Judge Won’t Muzzle FBI|Before Terror Plot Trial

(CN) - FBI agents can compare notes about their investigation of a Somali-American teen's plot to bomb a Christmas tree-lighting ceremony outside a Portland, Ore. courthouse, a federal judge ruled.

The FBI monitored Mohamed Mohamud for months and launched an undercover sting operation to foil the young man's plans to detonate a bomb at the ceremony in Pioneer Courthouse Square in November 2010.

A federal grand jury in Portland charged Mohamud with attempting to use a weapon of mass destruction.

Mohamud says his first meeting with an undercover agent on July 30, 2010, is critical to his defense. Since the government's recording equipment failed, however, he wants to review the agents' reports of the meeting.

First, however, Mohamud asked for an order to prohibit government witnesses from communicating with each other about the meeting or reviewing their documents.

So far, Mohamud claims the government has already destroyed one of the witness's handwritten notes, and another witness has not yet filed his drafted report.

U.S. District Court Judge Garr King denied the request on Thursday.

"Although defendant argues that the government violated the Jencks Act when one agent destroyed his notes after completing a typewritten report, the Jencks Act only applies once a witness has testified at trial," King wrote. "I will address any Jencks Act violations when and if they arise."
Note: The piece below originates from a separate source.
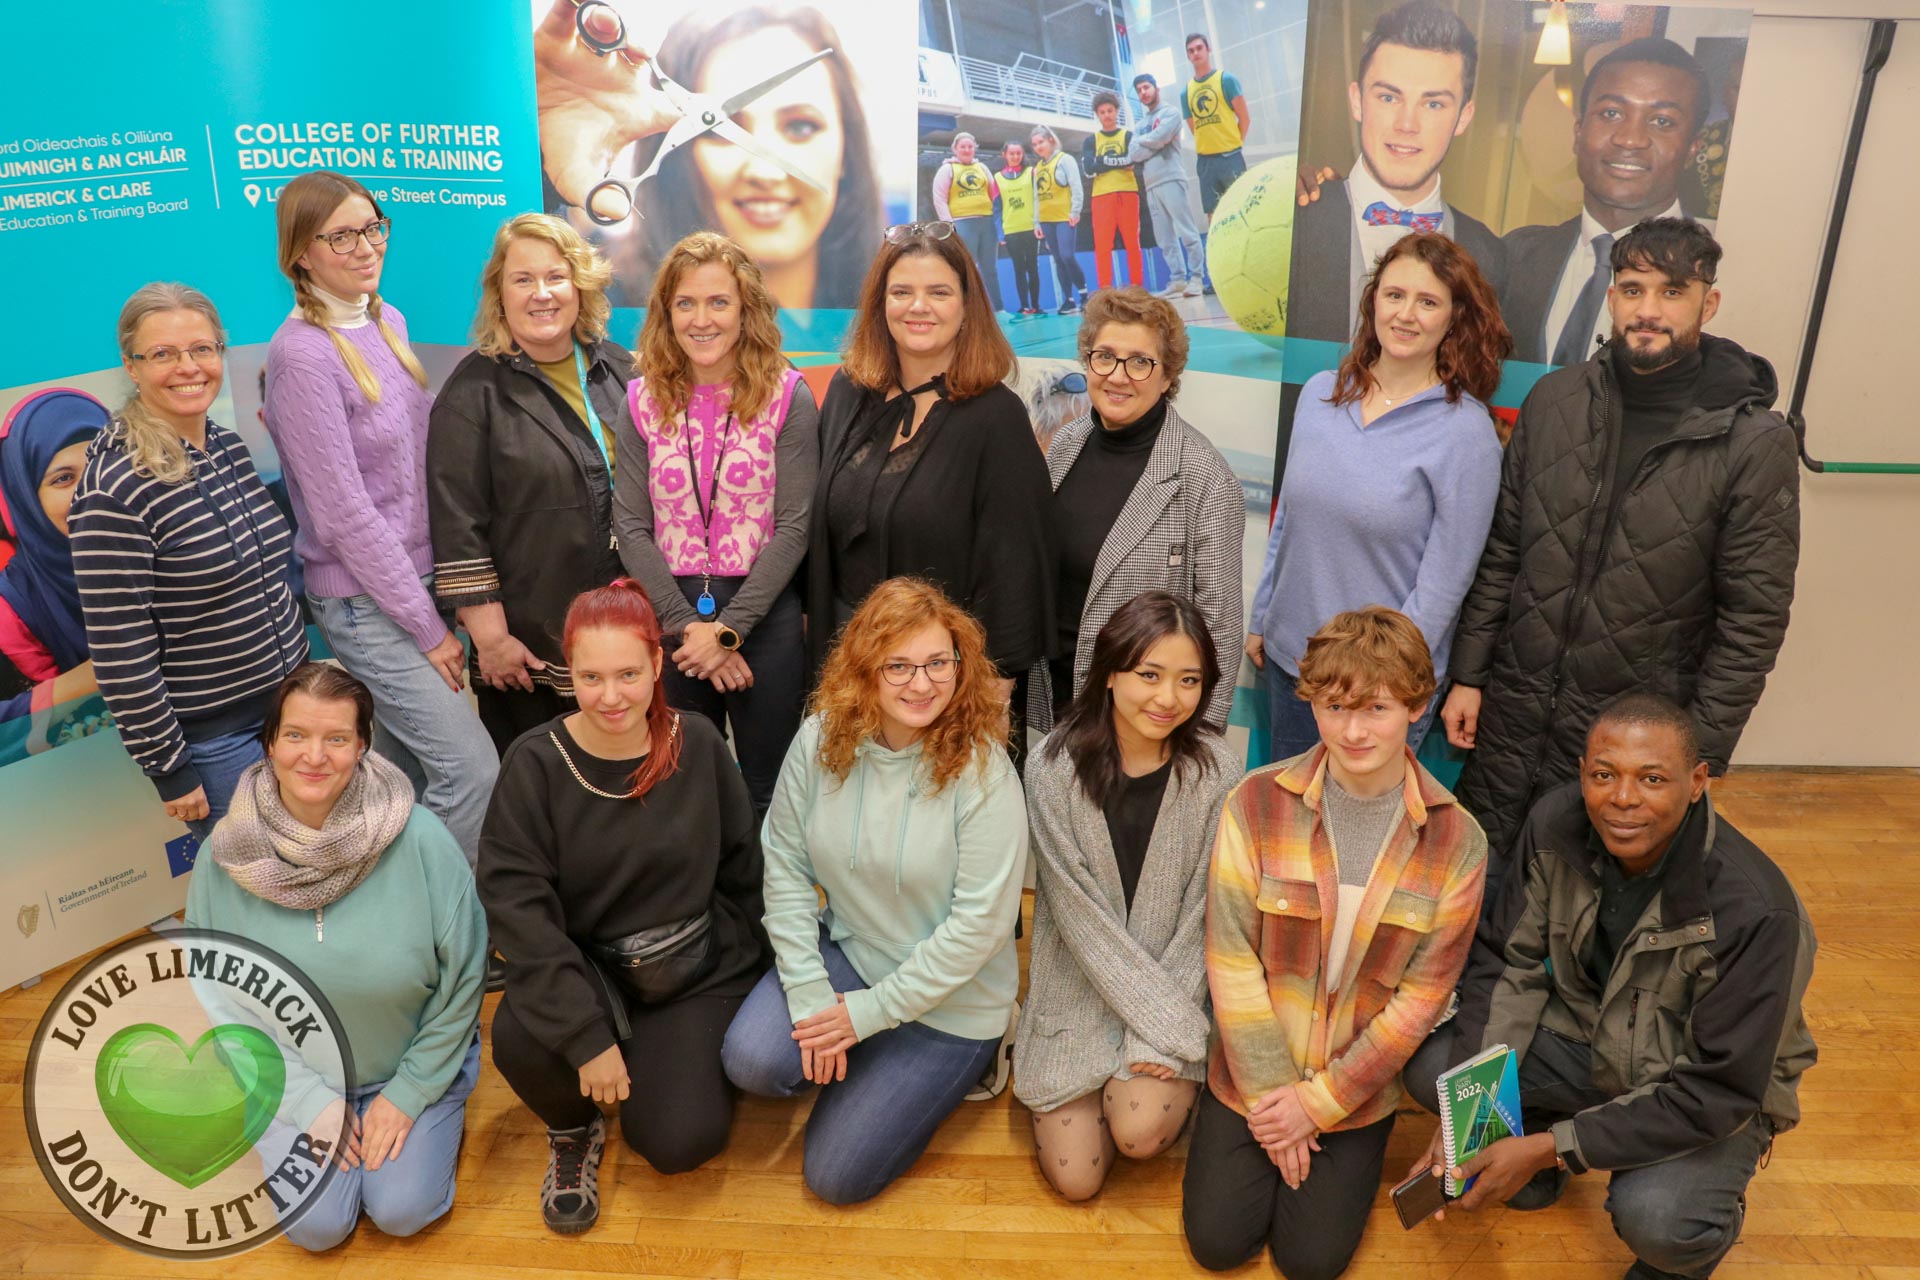 College of FET, LCFE Mulgrave Street Campus celebrates College Awareness Week 2022

"Even assuming that I have the authority to grant defendant's request, I would only consider doing so in a very unusual situation," the judge added. "I do not see circumstances here which require me to interfere with the government's ability to prosecute this case. I take the government at its word when counsel assures me that the agents are preserving all remaining notes about the meeting, and witnesses will not discuss with each other the substance of their testimony before trial."

King agreed with the government that "vigorous cross-examination" is the sole tool that Mohamud has at his disposal to determine if any of the witnessed changed their stories.